On Mr. Z's ranch, being a "Brilliant Cow" requires not only weighing in but also passing an intelligence test. The annual intelligence test is extremely rigorous, with only about half of the cows able to pass. Due to the large number of cows participating in the test, determining the "passing line" for the intelligence test has become a headache for Mr. Z. Therefore, he has asked you to solve this problem.
Each cow participating in the test will receive a score (an integer from 0 to 100). After arranging all the scores in descending order, the score in the middle position will be provided to Mr. Z as the "reference score" to help him decide the "passing line." If the number of cows taking the test is even, there will be two middle scores; in this case, the "reference score" will be the smaller of the two.
Sample Inputs/Outputs
| Sample Input(s) | Sample Output(s) |
|---|---|
| The first line of input is an integer T (1 ≤ T ≤ 100), representing the total number of test cases. The first line of each test case is an integer N (1 ≤ N ≤ 40000), representing the number of cows taking the test. The following N lines provide the test scores of the N cows, with each line containing a positive integer between 0 and 100. | For each test case, output one answer, the "reference score." |
| 1 6 97 45 78 62 81 79 | 78 |
Thought Process
Use sorting to arrange the scores. If N is even, output the data at the N/2-1 position in the array. If N is odd, output the data at the N/2 position in the array.

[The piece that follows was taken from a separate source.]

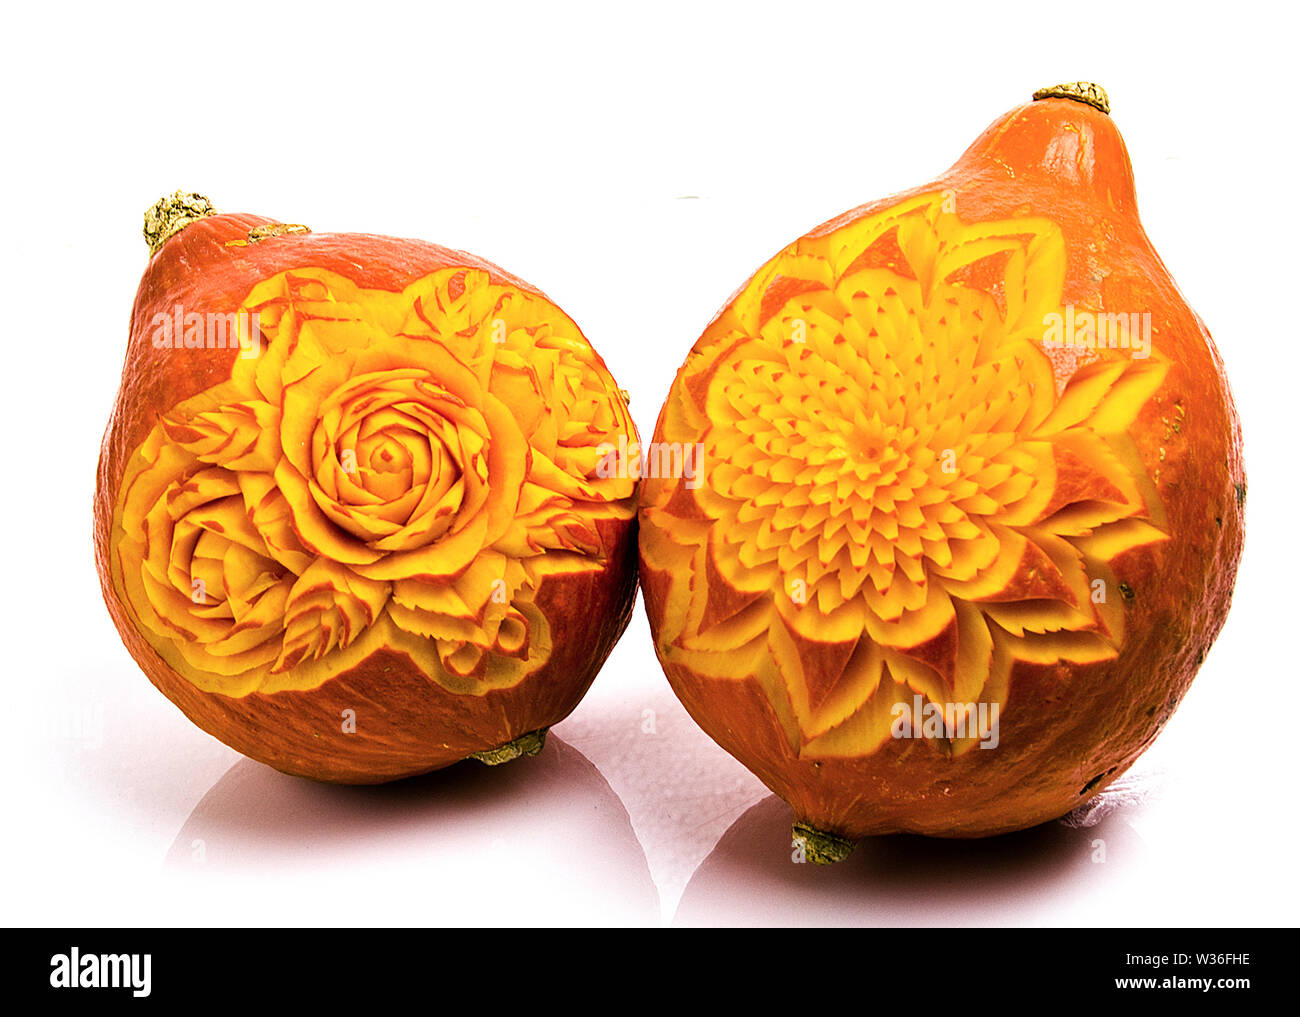 L'art des aliments et légumes melons pumpkin carving par artiste culinaire angkana neumayer d'autriche Banque D'Images
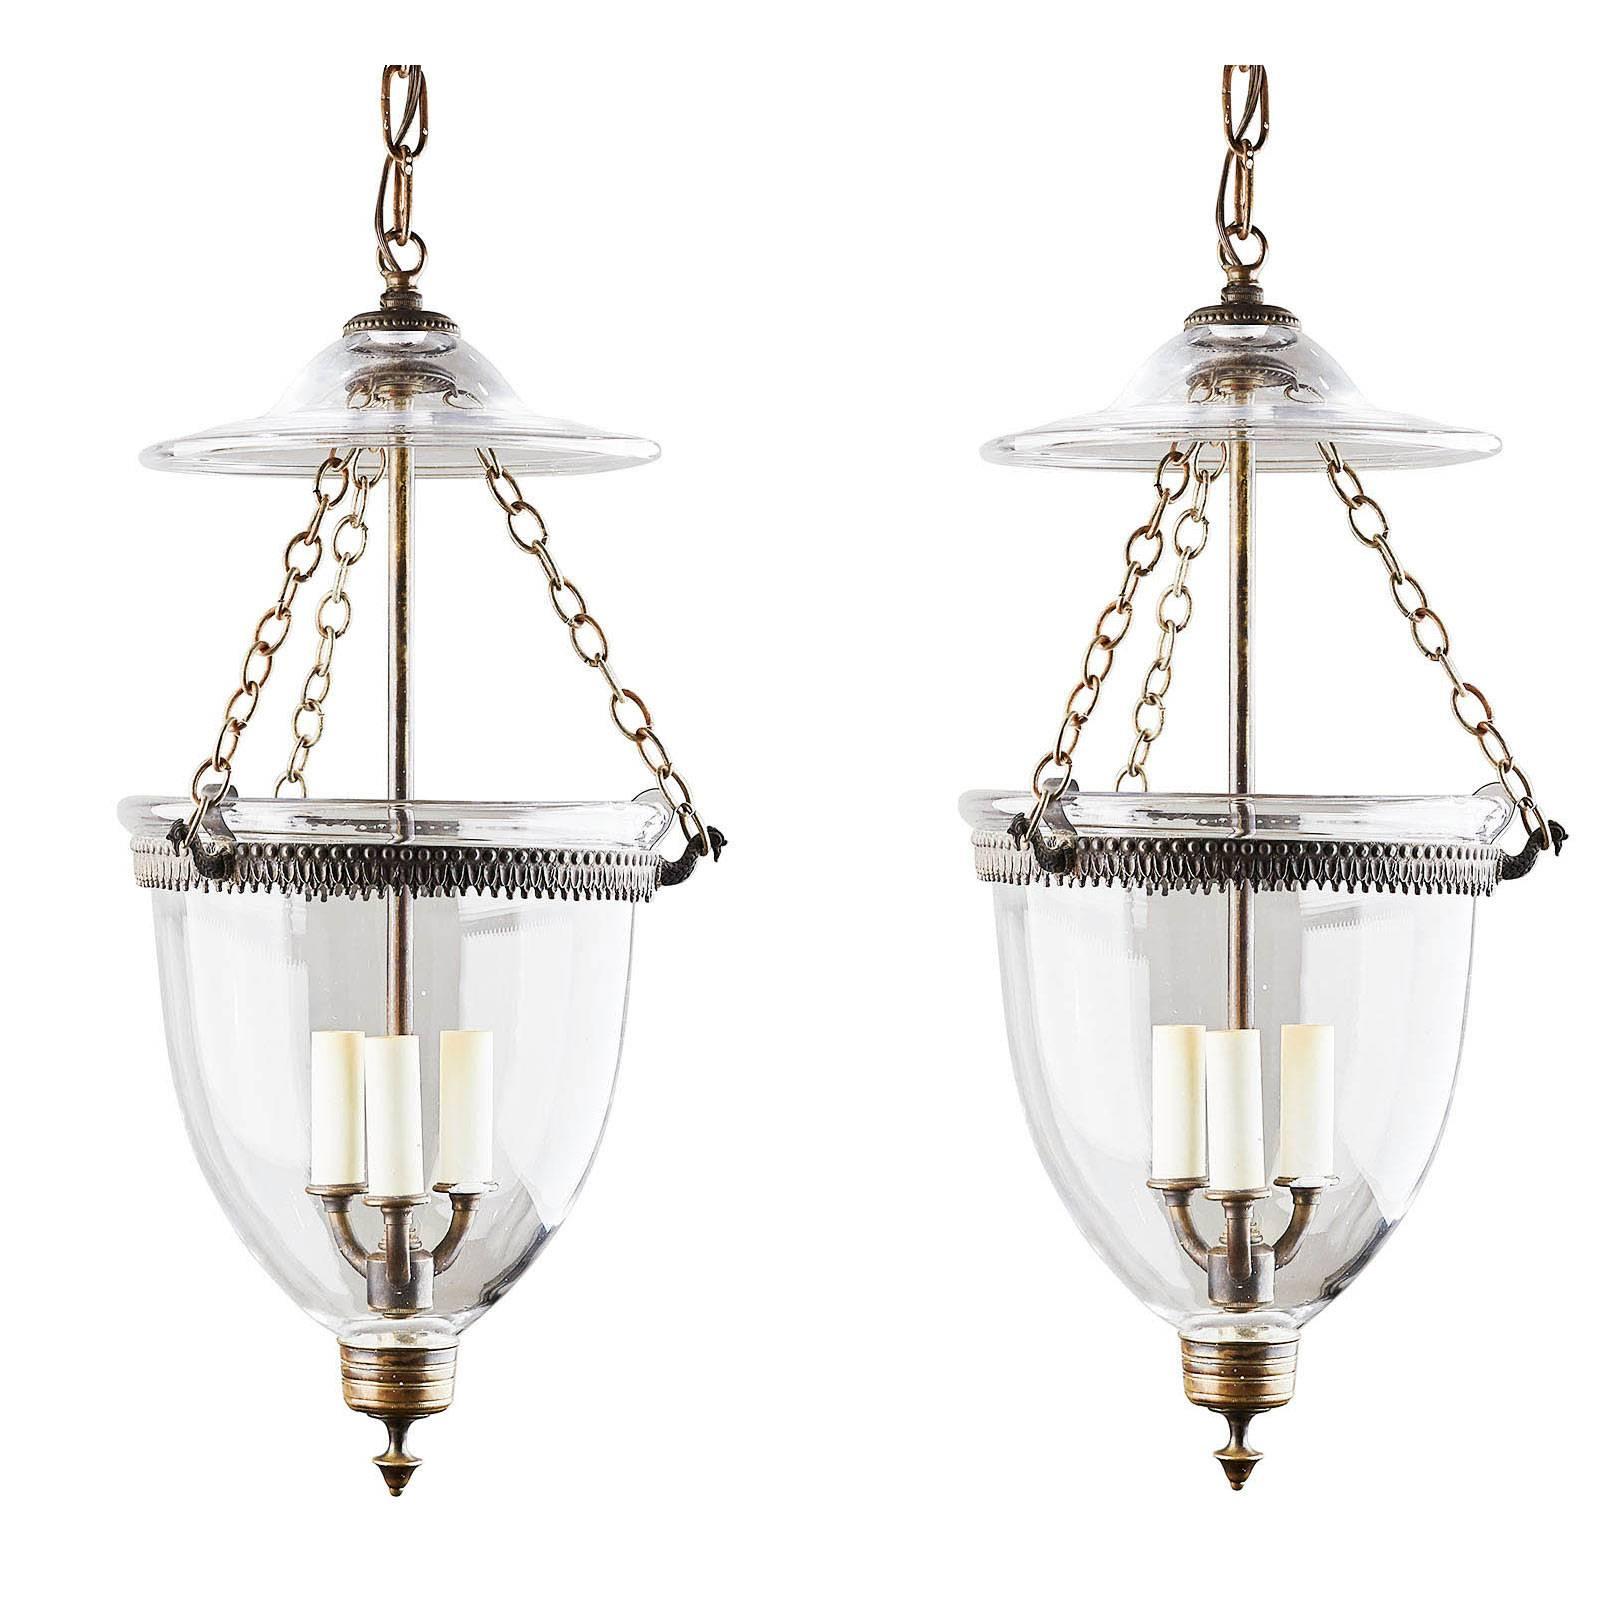 Pair of Bell Jar Lanterns, circa 1890

Sample Code-ZeroJudge D153: IQ Test
#include <iostream>
#include <algorithm>
using namespace std;
int main() {
cin.sync_with_stdio(0);
cin.tie(0);
int T;
cin >> T;
for (int i = 0; i<T; i++) {
int N, cow[50000] = {};
cin >> N;
for (int j = 0; j<N; j++) {
cin >> cow[j];
}
sort(cow, cow+N);
if (N % 2 == 0) cout << cow[N/2-1] << "\n";
else cout << cow[N/2] << "\n";
}
}
//ZeroJudge D153
//Dr. SeanXD